Merran, who had been the target of the tabloids far too often during the past six and a half years of his tenure as ambassador, hesitated for a moment. In the past month, he’d hired a publicist to help him manage his media and online presence. Even though Dana Redmond had gotten him some very high-profile, prestigious interviews, he still got hounded by the tabloids, which preferred to write about who he was seeing rather than what he was accomplishing. Though he did sometimes give those types of sensationalized celebrity interviews, it was never without a thorough checking of the media outlet first. “I have brought a publicist on board, Ms. Winters. Dana Redmond of the Janus Media Agency. If you would like to speak with her, please feel free. She can answer your questions or schedule an appointment between us.”
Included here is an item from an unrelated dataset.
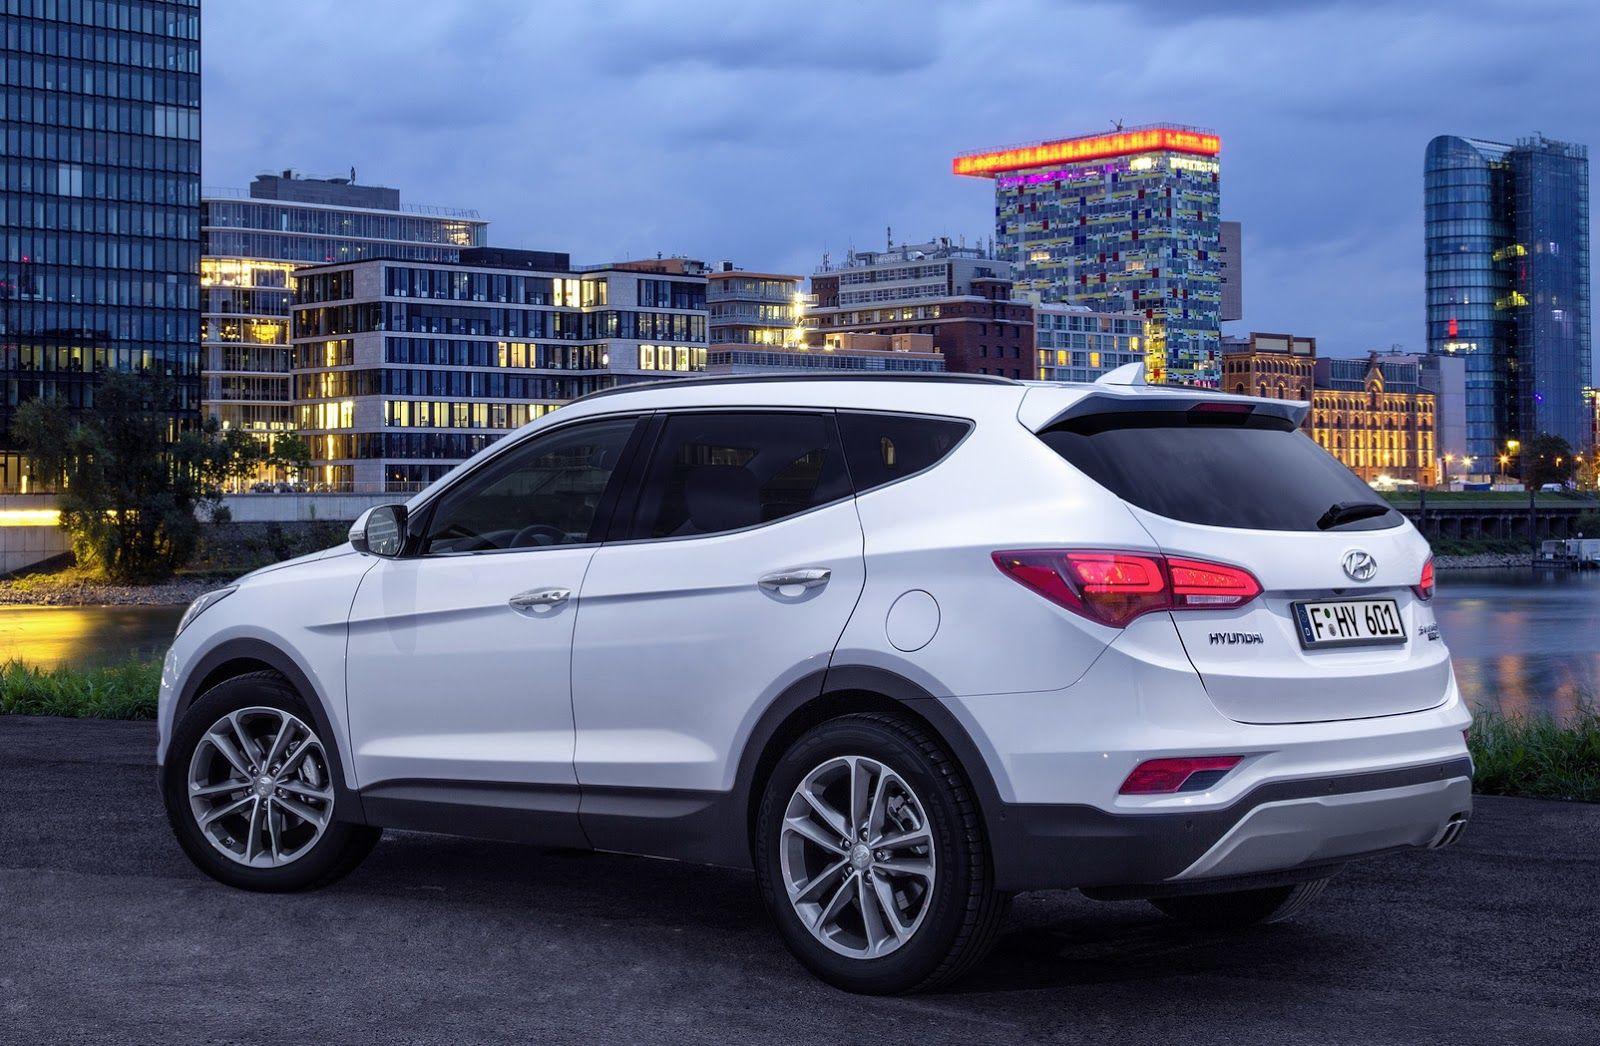 Facelifted 2017 Hyundai Santa Fe Unveiled Debuts In Frankfurt

He ended the call firmly and sat back, closing his eyes and resting his head against his chair’s high back. Groaning, he reached up with his hands to rub the muscles of his neck as he rolled his head slowly over the soft leather of his office chair, massaging the tension at the back of his head. He had been hoping that things would slow down for him so he could focus on more personal matters—like the new, but fragile, relationship he’d mentioned to Ki’i. Unfortunately, it didn’t seem like it was turning out that way.
Although hiring a publicist had helped him route elsewhere the endless calls for interviews, his love life seemed just as uncertain as ever. His relationship with Tamara Carrington, a young college student who had just discovered her Azellian heritage and related psi abilities at the end of last year, seemed to have potential, but she’d been out of town during the college’s semester break and hadn’t called him once. Although he didn’t mind, since he wanted her to be independent and think for herself, what did bother him was that he hadn’t heard from his friend Alarin during the exact same time period, which was definitely not normal, considering what had happened between the three of them.